=== TRY IT ===
Produce an exact transcription of the listing below, omitting the pictures.

=== RAW DATA ===
=======

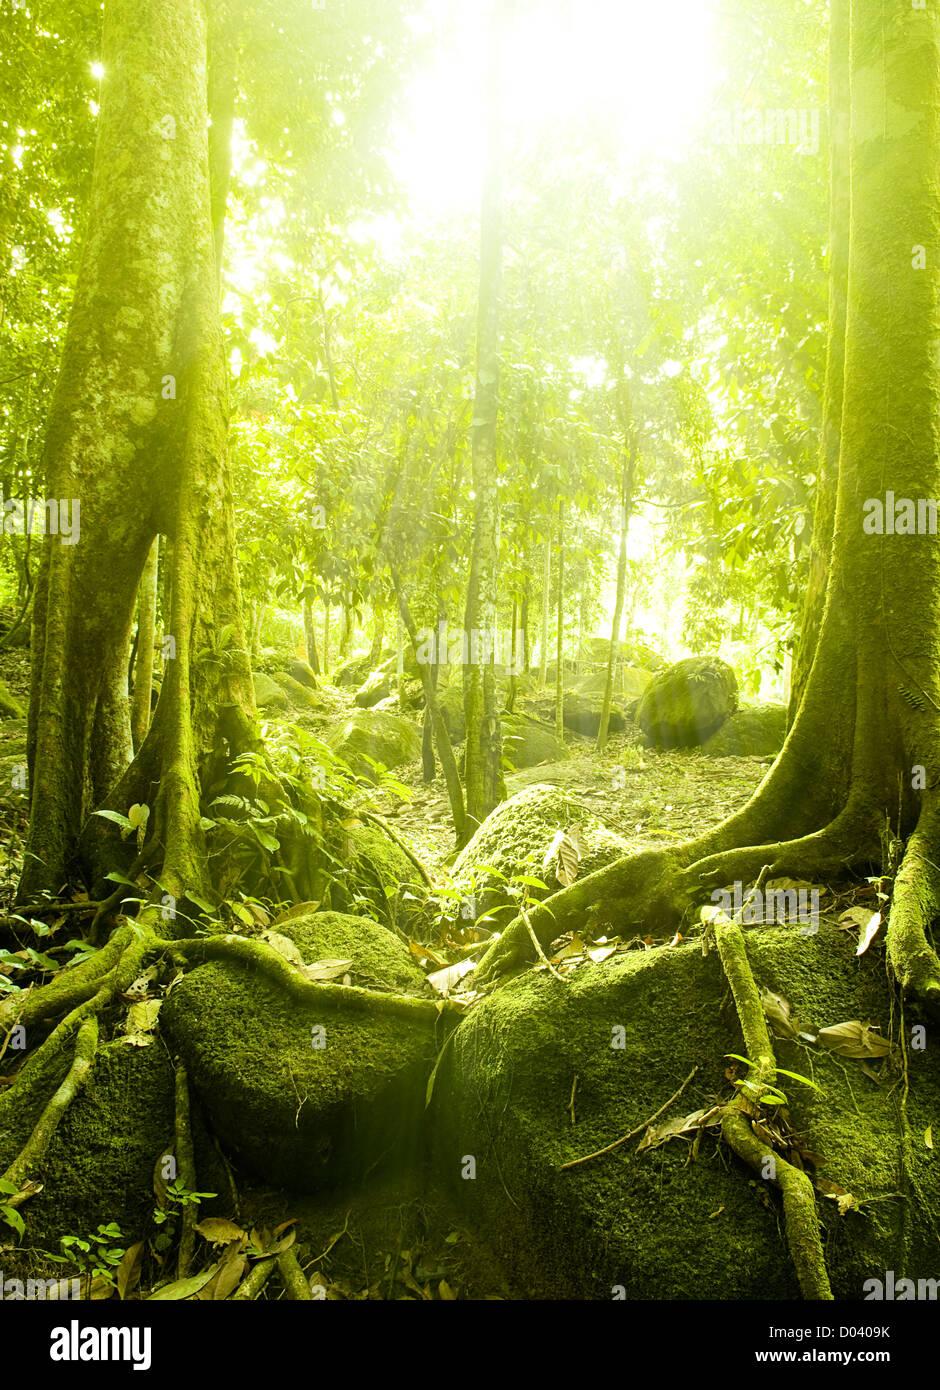 Vert forêt avec rayon de lumière Photo Stock
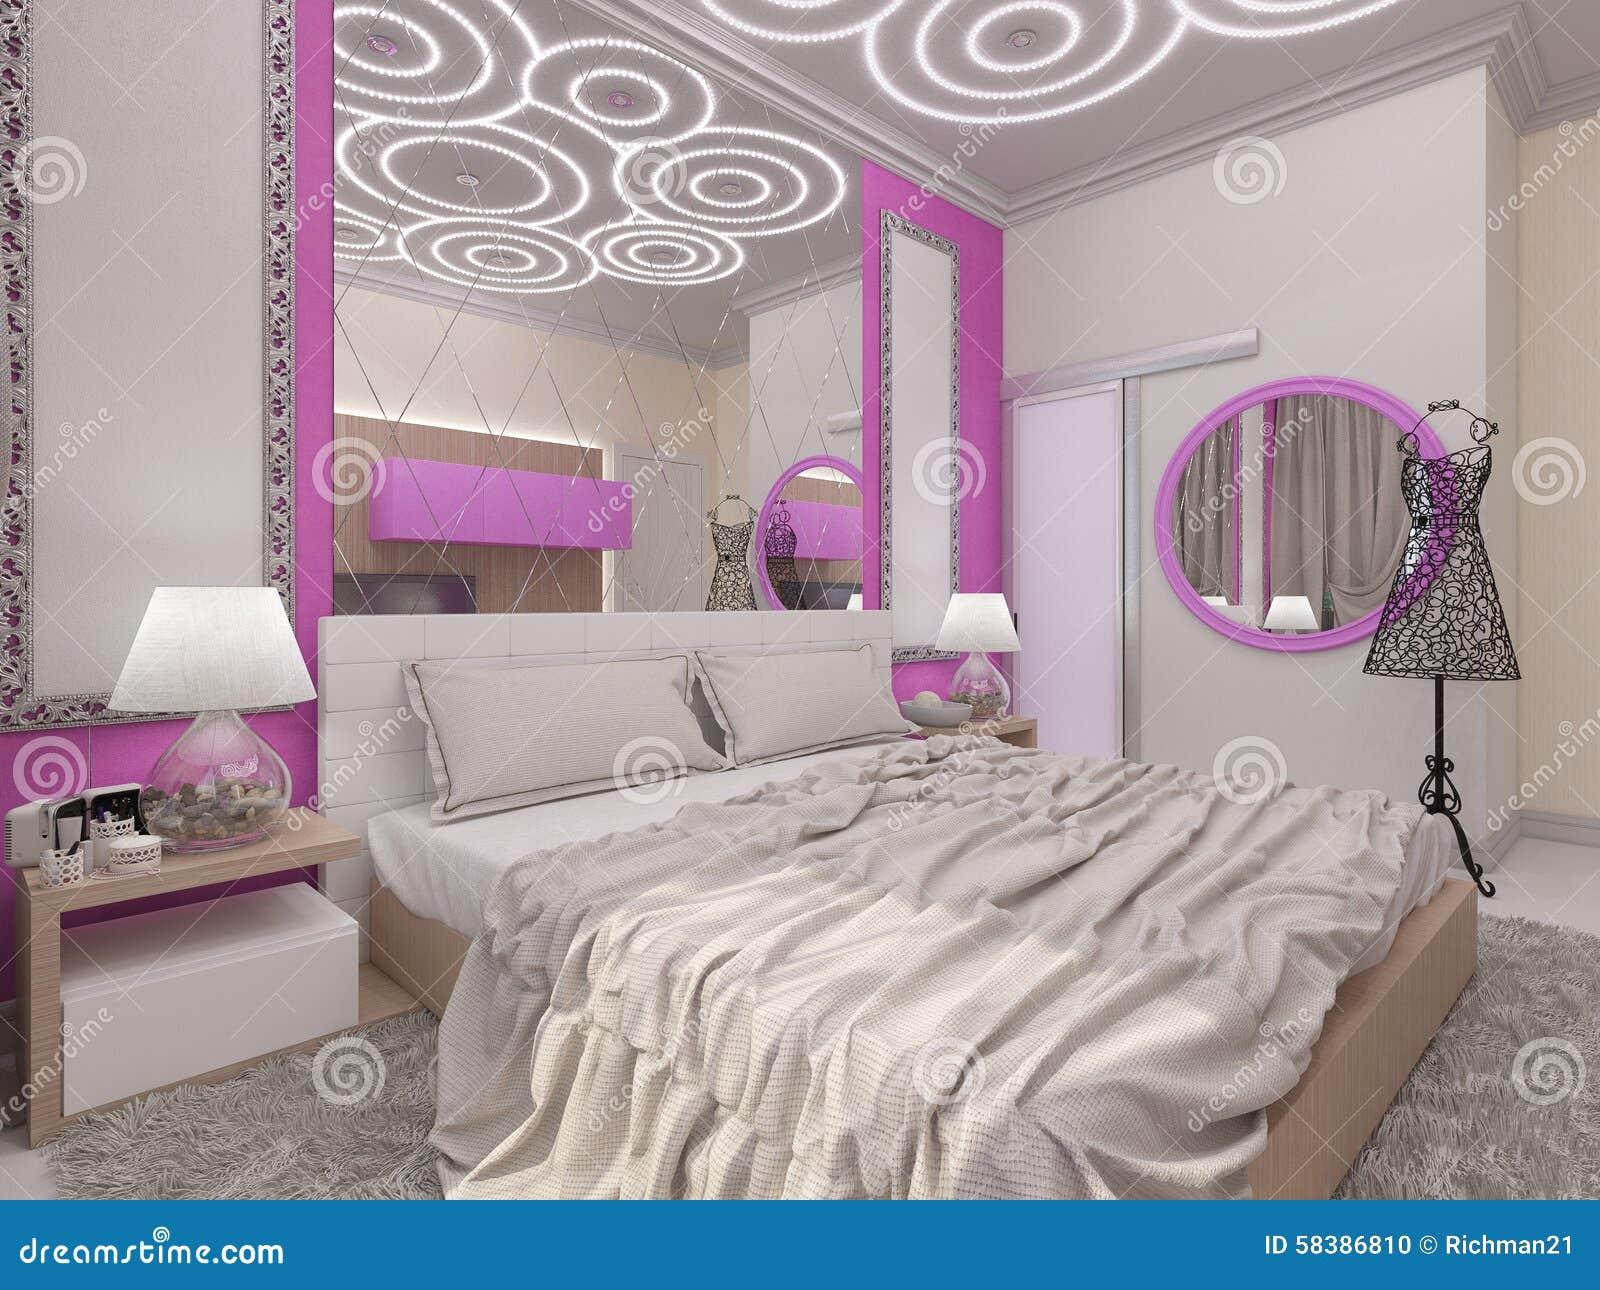 Stanza Da Letto Ragazza : Illustrazione d di una camera da letto per la ragazza
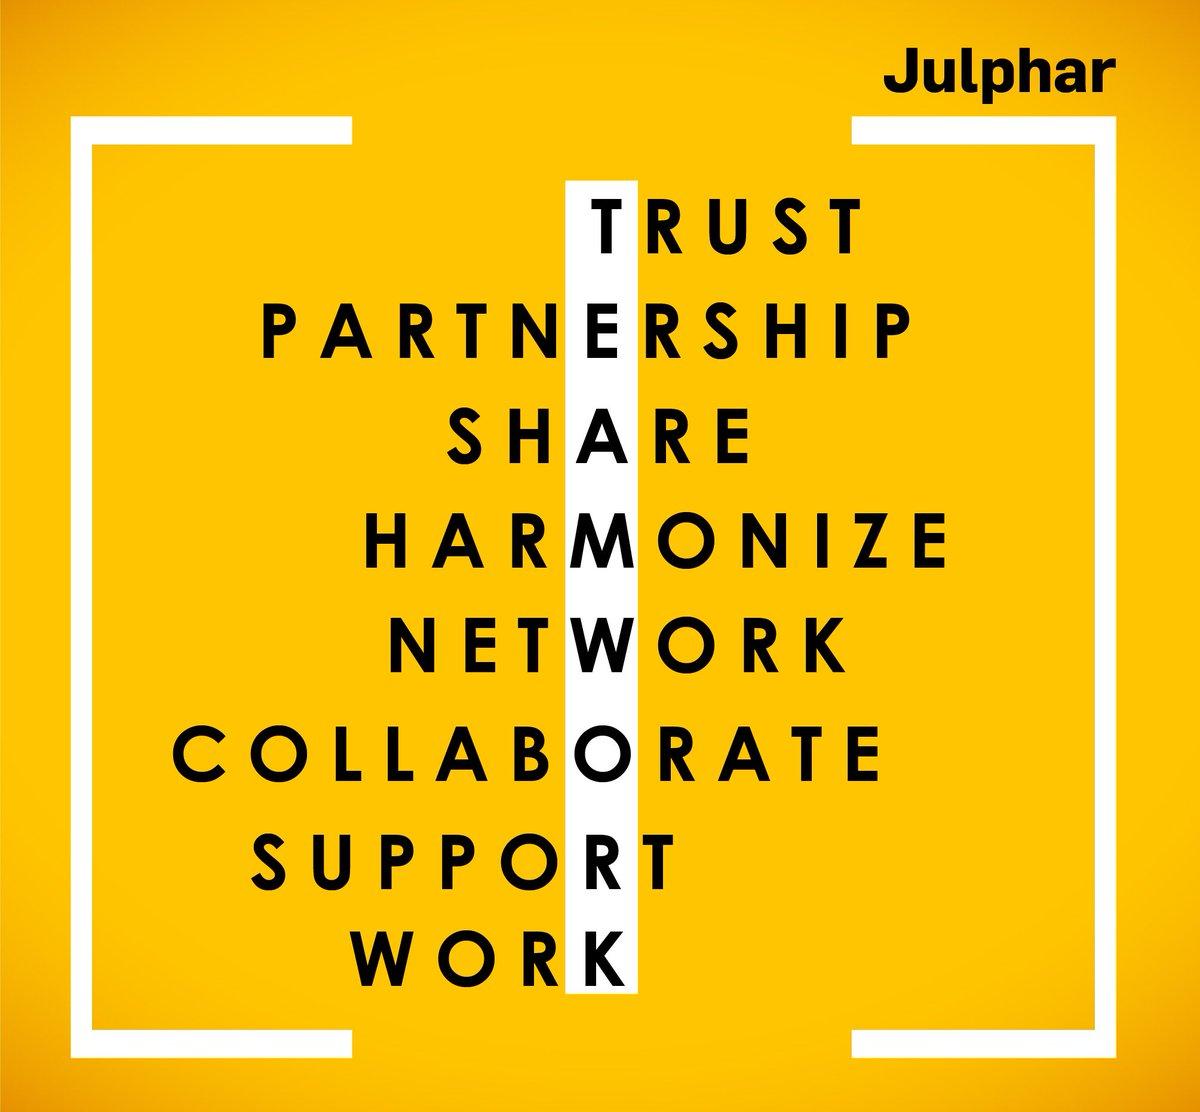 Julphar (@JulpharUAE) | Twitter

=======

=== EXERCISE SOLUTION ===
 Vert forêt avec rayon de lumière Photo Stock
 Stanza Da Letto Ragazza : Illustrazione d di una camera da letto per la ragazza
 Julphar (@JulpharUAE) | Twitter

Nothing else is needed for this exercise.